Token ID Conversion: Transforms text to sequences of token IDs that models can process.

3. Embedding Layer

The embedding layer creates vector representations of tokens:

Embedding Creation (src/models/embeddings.py): Initializes vector representations for each token.
Embedding Visualization: Projects high-dimensional embeddings to 2D using PCA or t-SNE for visualization.
Semantic Analysis: Provides tools to explore relationships between words in the embedding space

4. Language Model Layer

The model layer implements a simple text generation system:

Model Architecture (src/models/language_model.py): Defines an LSTM-based neural network for sequence prediction.
Text Generation: Using the model to produce new text based on a prompt.
Temperature Control: Adjusting the randomness of generated text.

5. Interactive Interface Layer

The user interface provides interactive exploration of the pipeline:

Streamlit App (app.py): Creates a web interface for experimenting with all pipeline components.
Visualization Tools: Interactive charts and visualizations that help understand abstract concepts.
Parameter Controls: Sliders and inputs for adjusting model parameters and seeing results in real-time.

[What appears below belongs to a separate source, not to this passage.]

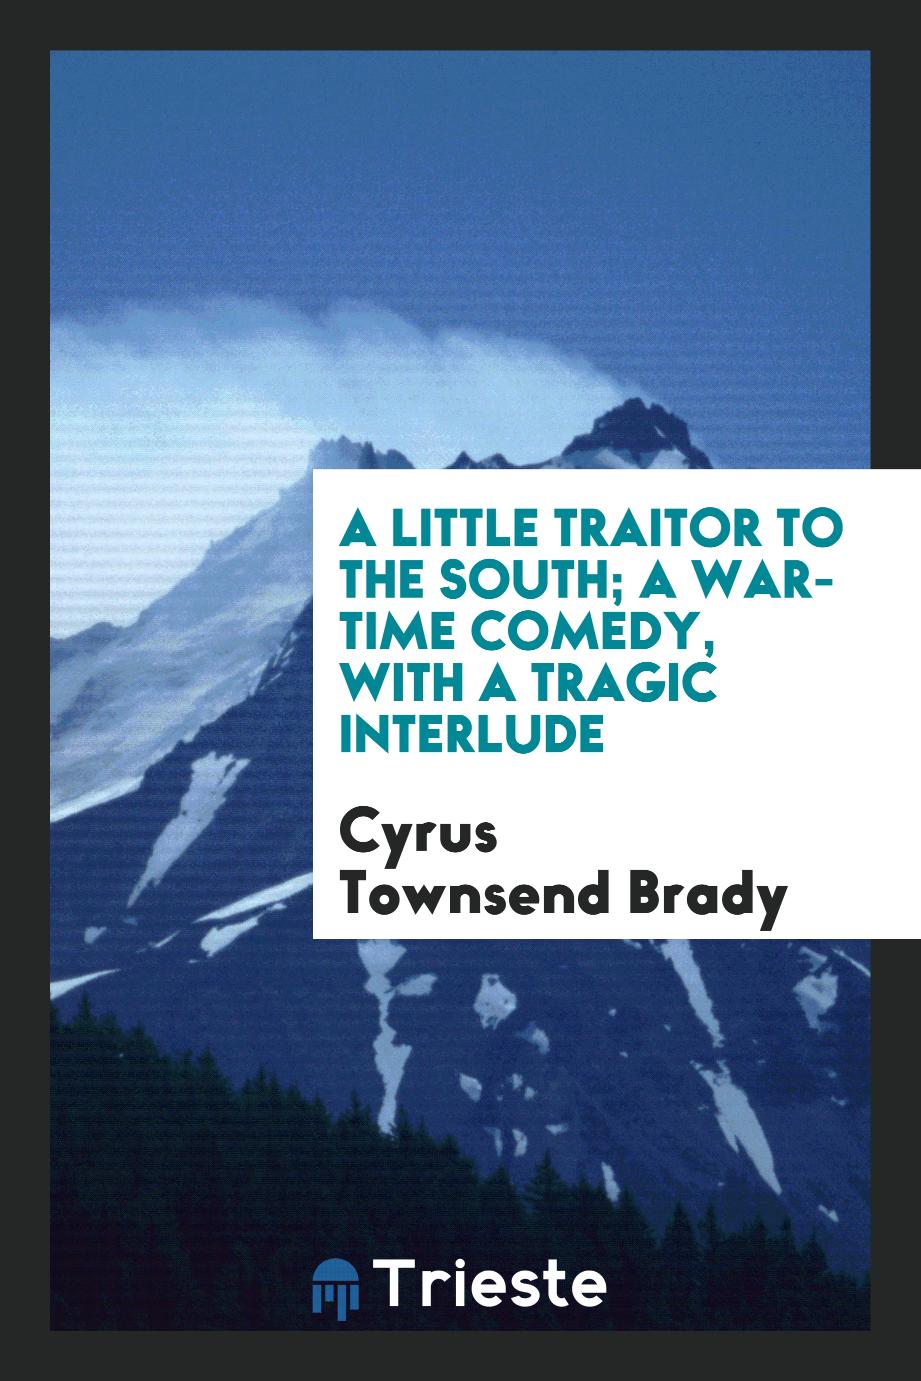 A little traitor to the South; a war-time comedy, with a tragic interlude

By separating these components, the architecture allows you to experiment with different approaches at each layer. For example, you could swap the tokenization strategy without affecting other parts of the pipeline, or try different embedding techniques while keeping the rest constant.

Data Flow: From Raw Text to Language Model Input

To understand how our pipeline processes text, let’s follow the journey of a sample sentence from raw input to model-ready format:

In this diagram, you can see how raw text transforms through each step:

Raw Text: “The quick brown fox jumps over the lazy dog.”
Text Cleaning: Conversion to lowercase, whitespace normalization
Tokenization: Breaking into tokens like [“the”, “quick”, “brown”, …]
Vocabulary Mapping: Converting tokens to IDs (e.g., “the” → 0, “quick” → 1, …)
Embedding: Transforming IDs to vector representations
Language Model: Processing embedded sequences for prediction or generation

This end-to-end flow demonstrates how text gradually transforms from human-readable format to the numerical representations that language models require.

Key Implementation Insights

GitHub Repository: day-02-text-processing-pipeline

Multiple Tokenization Strategies

One of the most important aspects of our implementation is the support for different tokenization approaches. In src/preprocessing/tokenization.py, we implement three distinct strategies:

Basic Word Tokenization: A straightforward approach that splits text on whitespace and handles punctuation separately. This is similar to how traditional NLP systems process text.

Advanced Tokenization: A more sophisticated approach that provides better handling of special characters and punctuation. This approach is useful for cleaning noisy text from sources like social media.

Character Tokenization: The simplest approach that treats each character as an individual token. While this creates shorter vocabularies, it requires much longer sequences to represent the same text.

By implementing multiple strategies, we can compare their effects on vocabulary size, sequence length, and downstream model performance. This helps us understand why modern LLMs use more complex methods like Byte Pair Encoding (BPE).

Vocabulary Building with Special Tokens

Our vocabulary implementation in src/vocabulary/vocab_builder.py demonstrates several important concepts:

Frequency-Based Ranking: Tokens are sorted by frequency, ensuring that common words get lower IDs. This is a standard practice in vocabulary design.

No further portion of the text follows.